The view from a plateau

There’s been a fair amount of introspection among Utah State fans following the 69-53 loss to Texas A&M in the first round of the NCAA Tournament late Friday afternoon.

Aggie fans, not to mention the Aggies themselves, envisioned a much more competitive effort against A&M. What they got, however, was a quick early deficit that never got closer than seven points.

What did we learn in the loss?

We learned Utah State is not as quick, as long or as deep in the post as the majority of the Top 25 teams out there. Tai Wesley, Nate Bendall and Brady Jardine are tremendous basketball players but — especially when they got into foul trouble — were outmatched by the Texas A&M posts.

Utah State could really use a skilled 6-foot-10 guy or two as the Aggie strive to make the transition from Big West power to WAC power to NCAA Tournament winner.

Let’s take a look at what’s coming up next year.

The Aggies lose Jared Quayle — a first-team all-WAC player who stuffed the stat sheets nearly every game with his rebounding, scoring and ball control. He’ll certainly be missed.

Stepping into his shoes will be the combination of Brockeith Pane (the starting point guard at Midland College in Texas), James Walker (a high-scoring do-it-all player from Los Alomitos High School in California) and Jaxon Myaer (the junior-to-be who will have three years in Stew Morrill’s system).

Other than that, the Aggies will have four starters back — for the second season in a row.

Wesley will return as the team leader. During the offseason, he will probably be working hard to build the on-court relationship with Bendall. Not to disparage Bendall, but there was something special between Wesley and Gary Wilkinson the previous year and their mind-meld teamwork made them nearly unstoppable.

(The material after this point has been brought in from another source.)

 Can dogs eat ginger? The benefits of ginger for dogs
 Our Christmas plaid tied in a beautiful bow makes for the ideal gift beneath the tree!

Pooh Williams and Tyler Newbold will again return at the wing. The defensive stars were as much a key to USU’s success as anyone on the team and actually did a decent job against Texas A&M’s top scorers. Nobody expected a 29-percent 3-point shooter to light up the nets with five 3-pointers in a row.

Jardine is an incredible talent and has as much athleticism as anyone USU played this year. Brian Green, likewise, proved himself to be as quality a marksman as there is. Both return and add depth.

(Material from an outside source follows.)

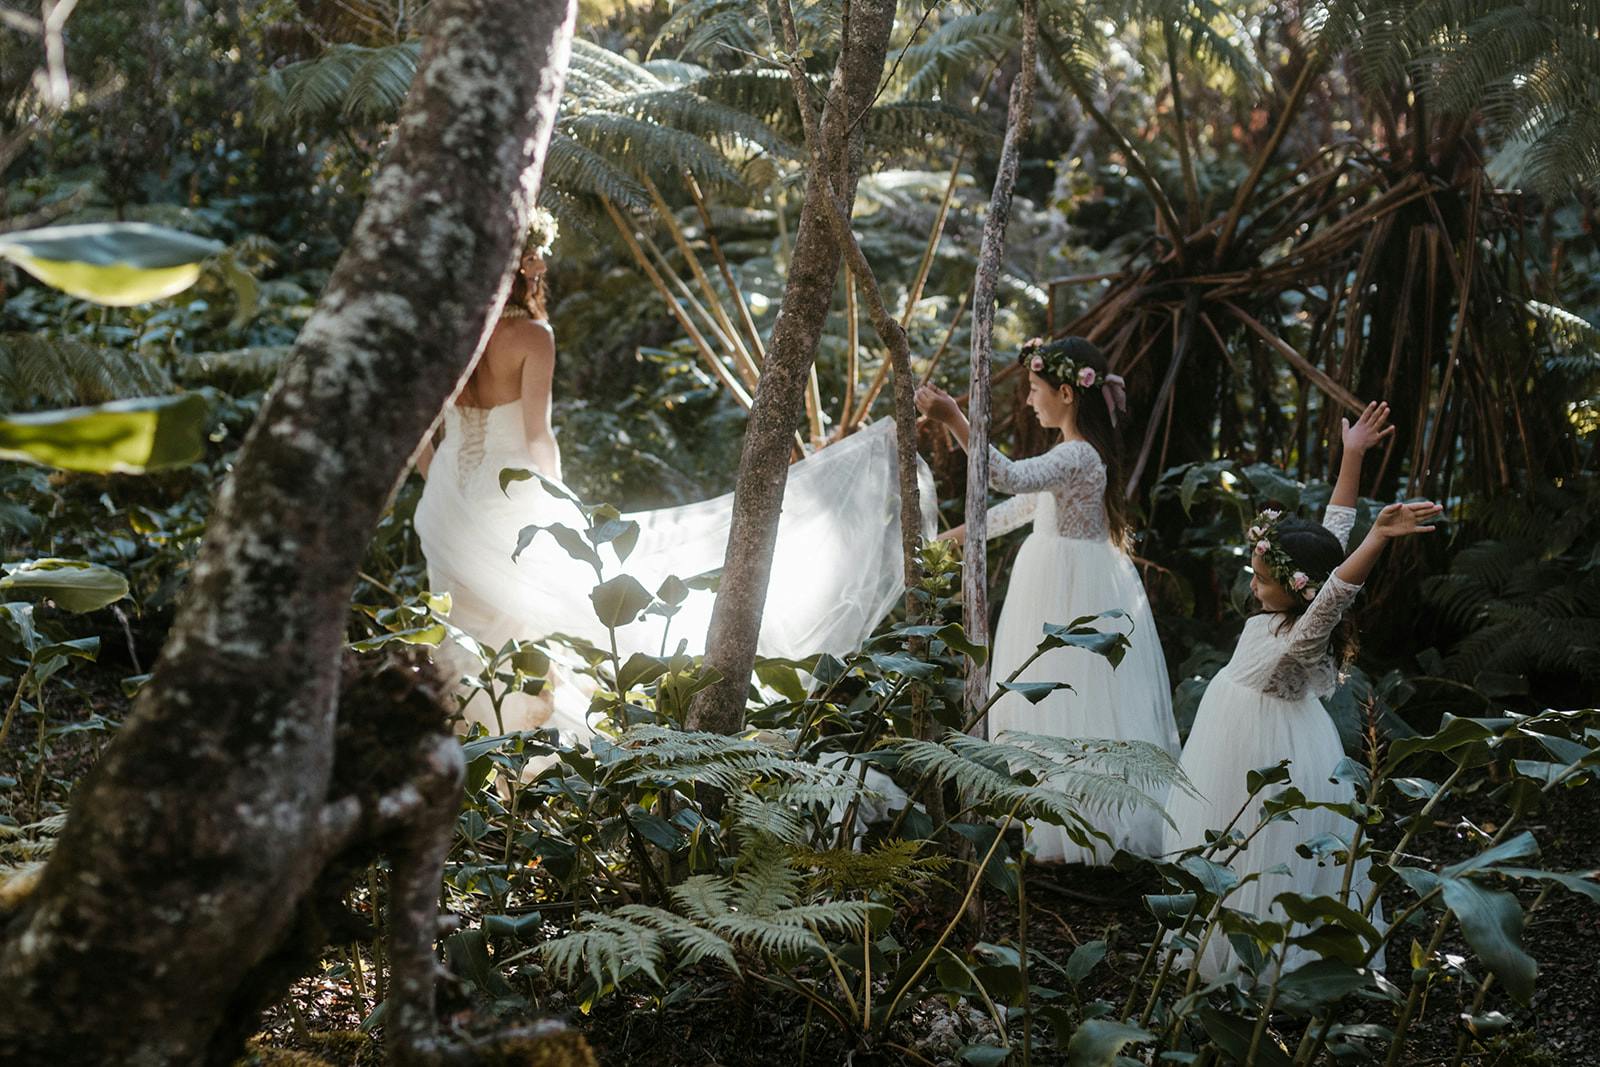 Luxury Hawaii wedding photography for an exclusive experience

The key to Utah State’s success in the future may very well if they can find those players that not only run Morrill’s highly-successful system to perfection, but have just an extra step of athleticism, skill and ability to contend with the normal Top 25 program.

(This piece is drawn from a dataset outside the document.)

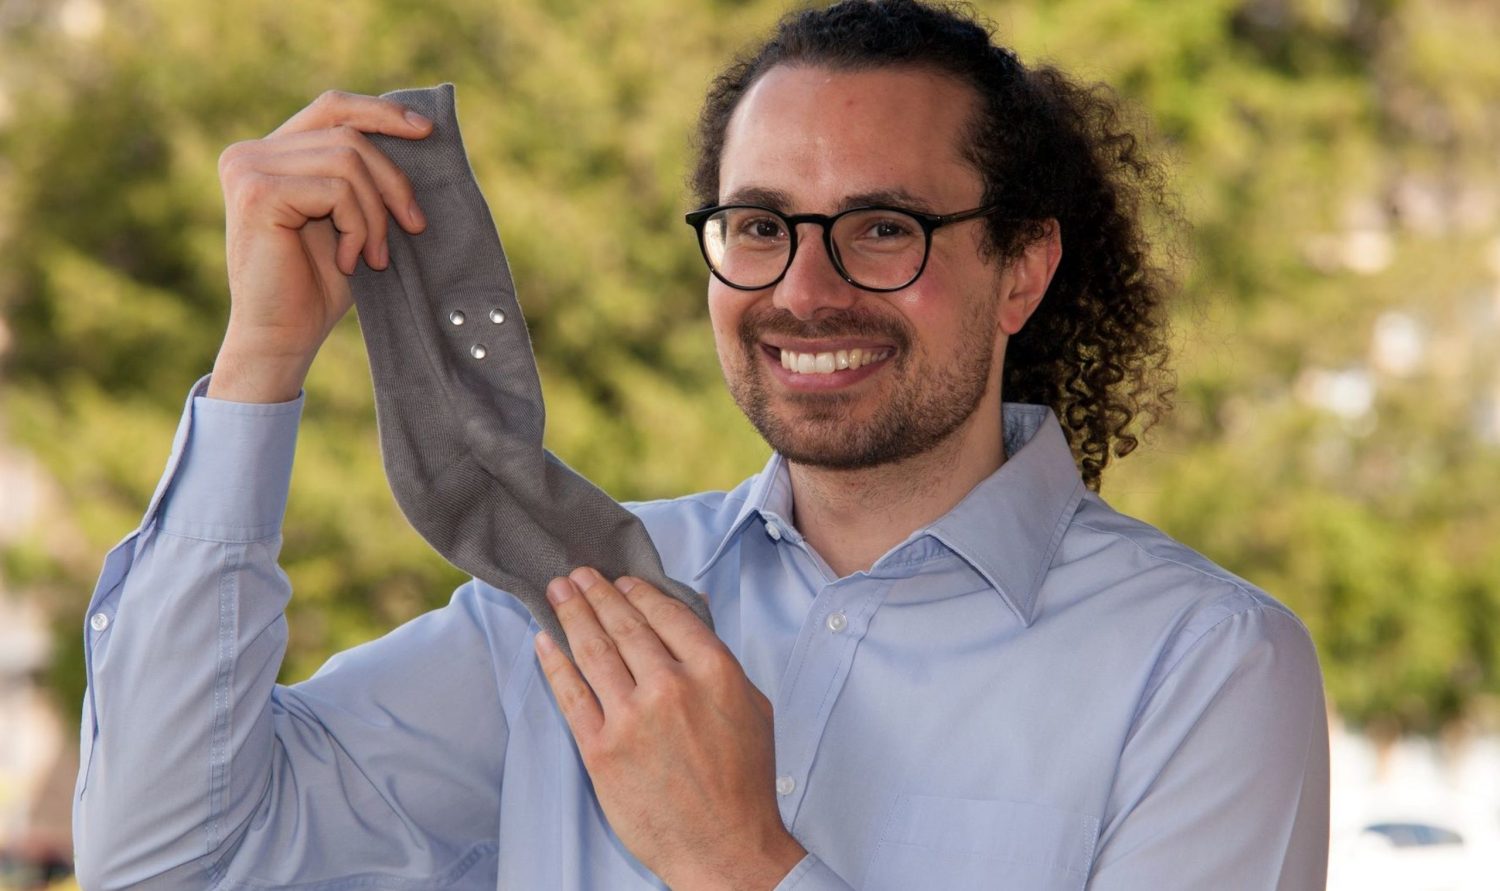 Milbotix wins Future Economy funding to bring Smart Socks to those living with Dementia

Utah State has seen its recruiting pick up considerably since it left the Big West.

Now, it’s time to jump it up again — in regards to both talent and competition.

Morrill is definitely coach enough to run a perennial Top 25 program.

Utah State is in just five years established as the class of the WAC. But some feel USU has plateaued.

The view from a plateau can be magnficent.

But there’s always a higher vantage point beyond the next horizon.